A presença da doula, das enfermeiras obstetras e dos acompanhantes, pai e avó da criança, no trabalho de parto, desde o domicílio, e da equipe médica no hospital, trouxeram acolhimento e segurança. Foi um parto natural humanizado, com o mínimo de intervenções, sem uso de ocitocina, sem episiotomia, sem analgesia. Com respeito a hora de ouro e apoio à amamentação exclusiva.
Com a experiência exitosa do parto e a descoberta transformadora da maternidade, se iniciou o puerpério com novos desafios, dores, oscilações hormonais e de humor, privação de sono, demandas da amamentação exclusiva, novo papel social de mãe.
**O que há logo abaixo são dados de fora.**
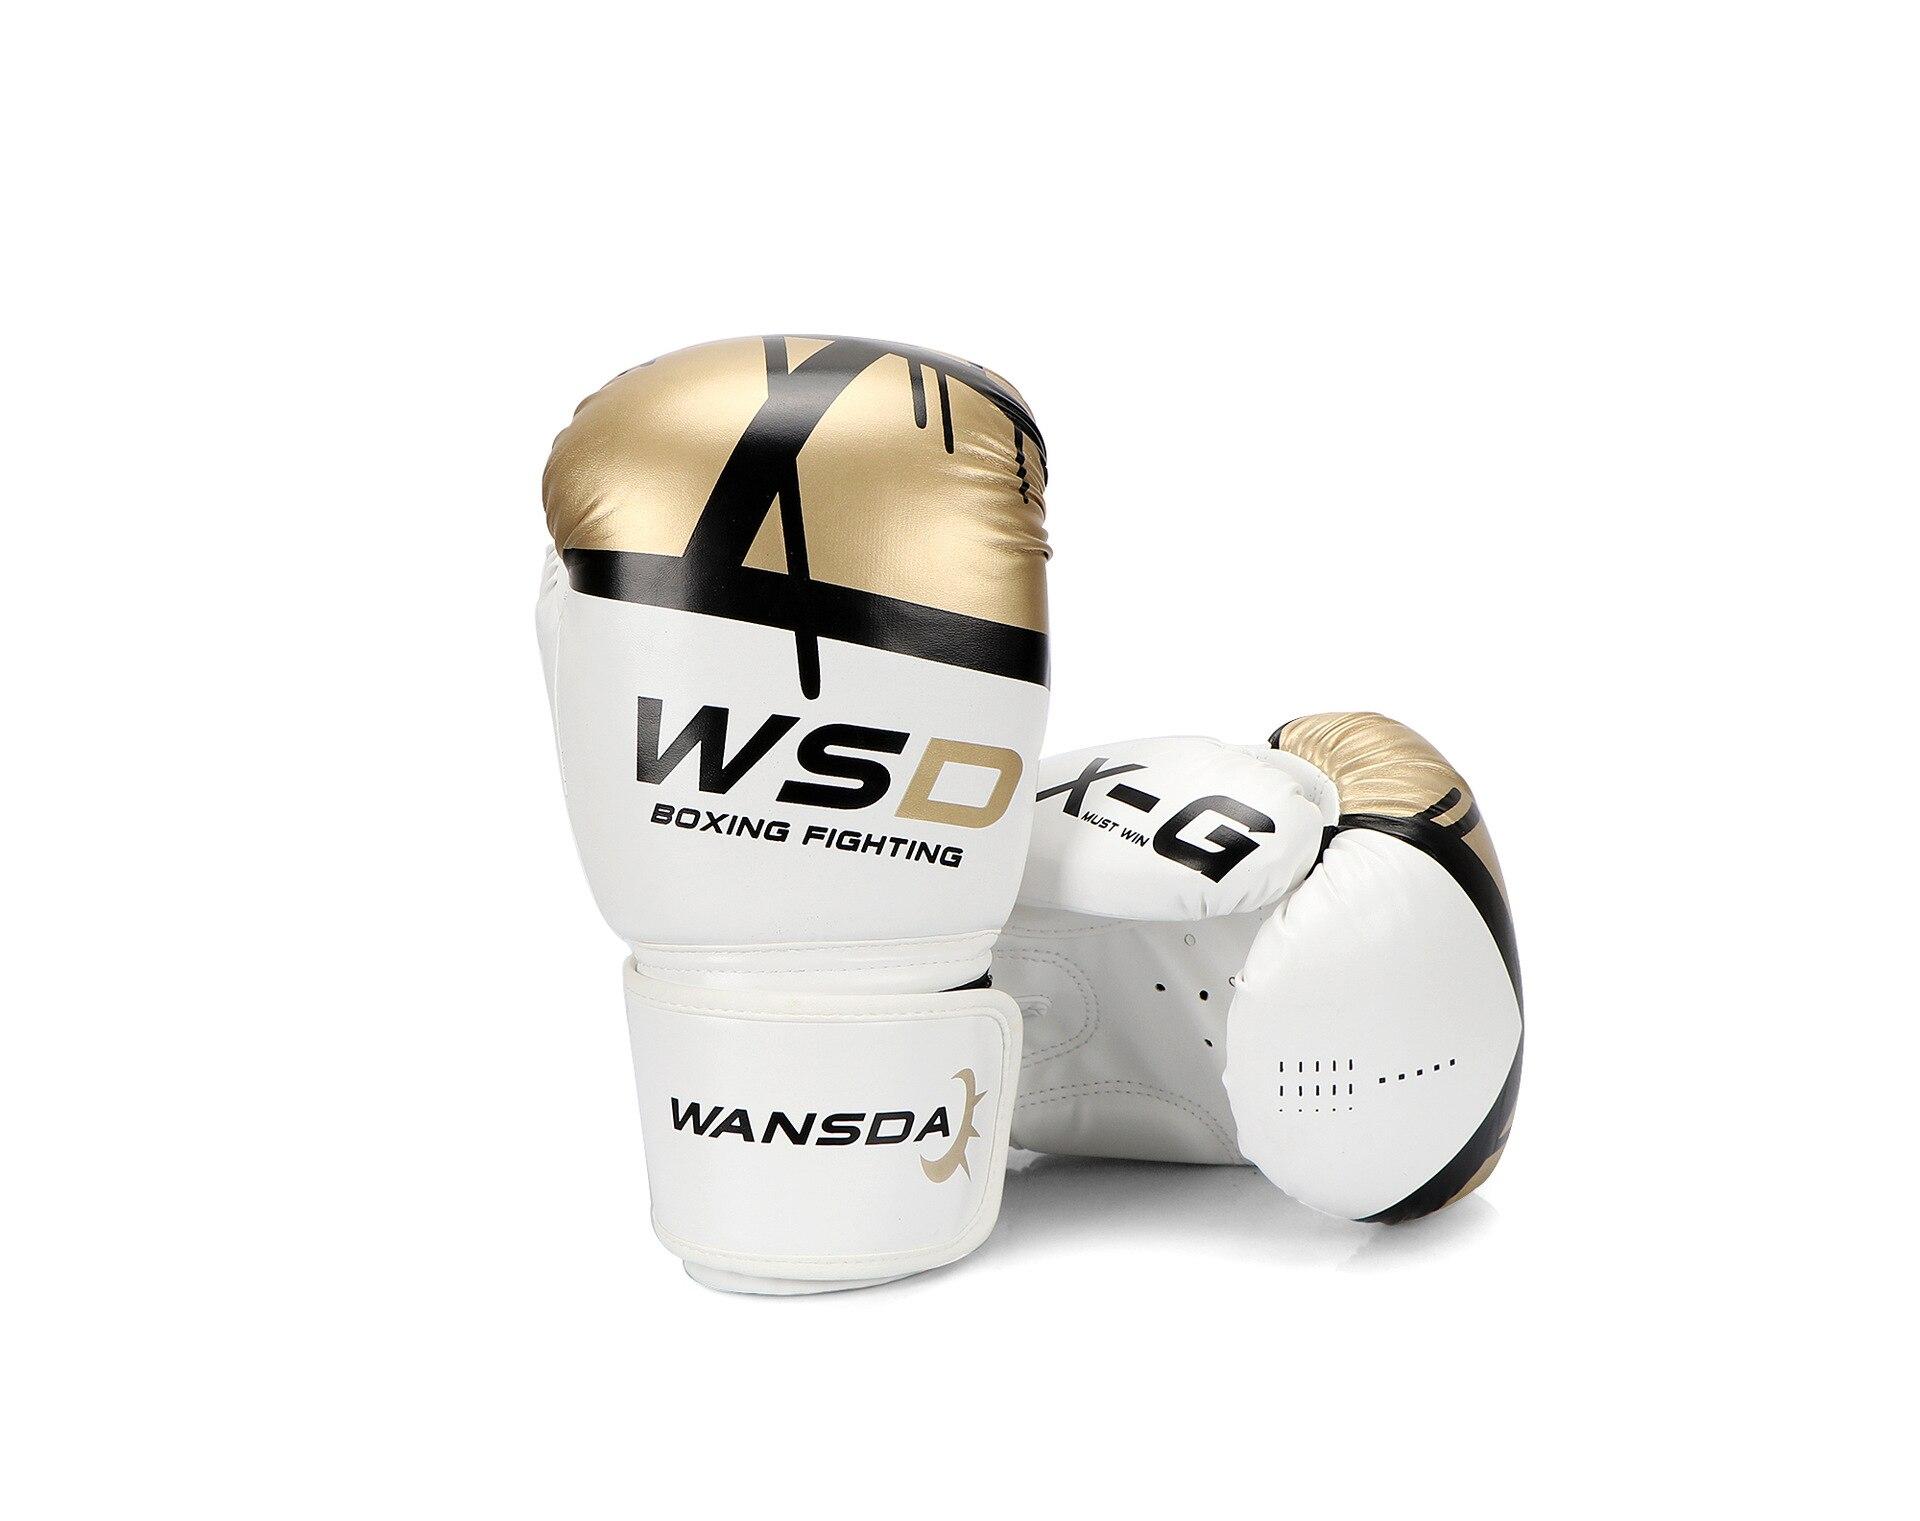 2019 nouveaux adultes chauds femmes/hommes gants De Boxe en cuir MMA Muay Thai Boxe De Luva mitaines Sanda équipements De gymnastique
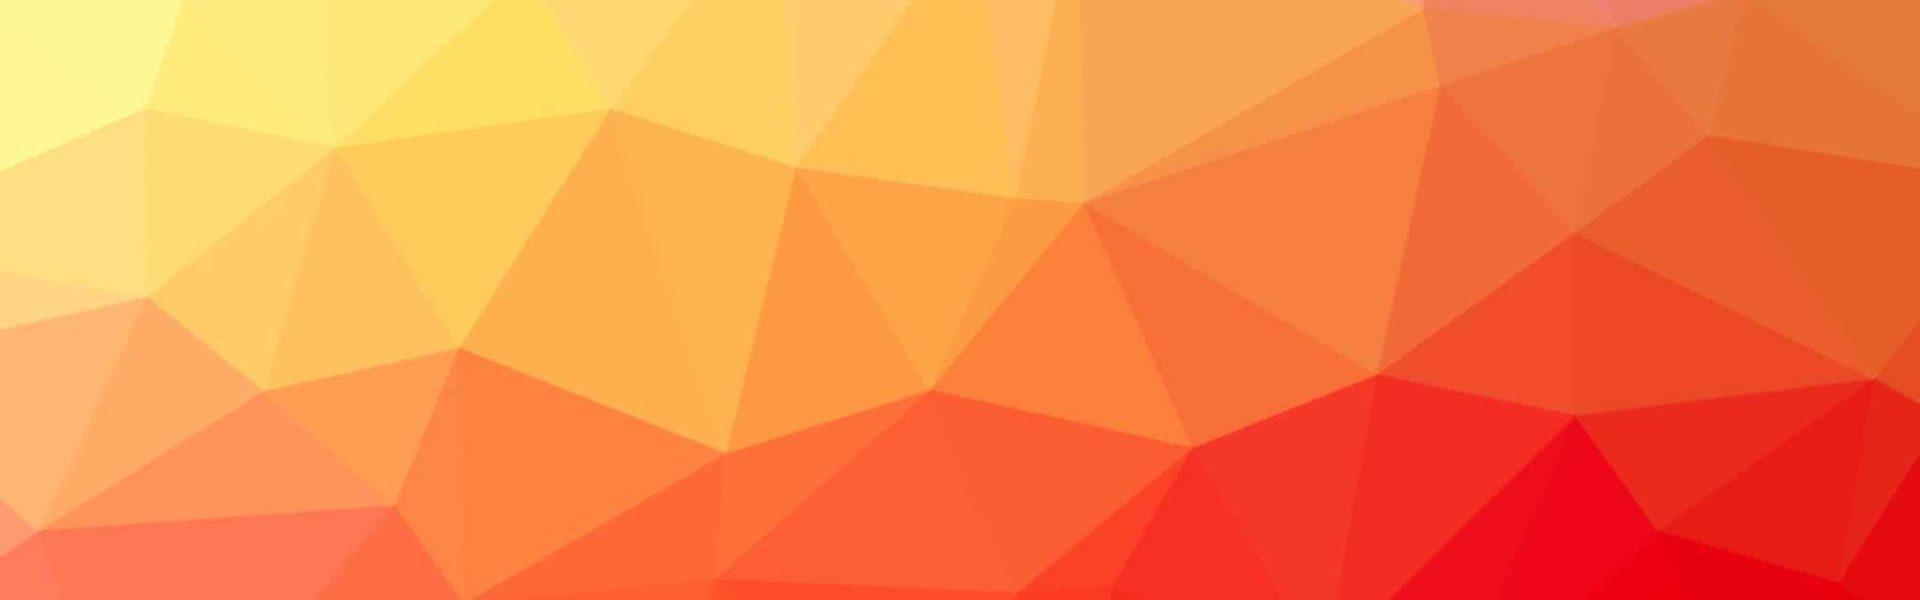 trianglify-background41-1920x600.jpg

Se faz relevante a rede de apoio familiar nuclear, extensa e extrafamiliar no puerpério e para retorno materno às atividades sociais e laborais.

Período de Realização
De Abril de 2022 a janeiro de 2023.

Objetivos
Relatar os êxitos e desafios de uma experiência de gestar, parir e maternar, a partir de uma autoetnografia.

Resultados
Em análise, se destaca positivamente a postura da equipe de saúde escolhida capaz de atuar na interprofissionalidade, com assistência humanizada e desfecho de sucesso no parto11. Bem como, os benefícios do uso de PICS enquanto recursos terapêuticos, possibilitando um parto com o mínimo de intervenções e o bem-estar no puerpério12. É fundamental destacar a rede de apoio familiar, em colaboração às demandas existentes de suporte à mãe, cuidados ao bebê e rotina domiciliar13.

Aprendizados
Dos desafios, cabe refletir sobre um cenário social enfraquecido de apoio à parentalidade, e a insuficiência da legislação trabalhista para licença maternidade que diverge no tempo da recomendação para o aleitamento materno exclusivo.

Análise Crítica
Urge refletir sobre o rompimento social com uma cultura e formação biomédica, intervencionista e controladora, que banaliza condutas violentas e inibe o protagonismo da mulher na sua experiência reprodutiva. Tal contexto dificulta o processo e restringe a assistência humanizada a um pequeno grupo de profissionais realmente comprometidos, para que se alcance resultados positivos na experiência intensa do gestar, parir e maternar, com impactos na vida da mulher e da criança.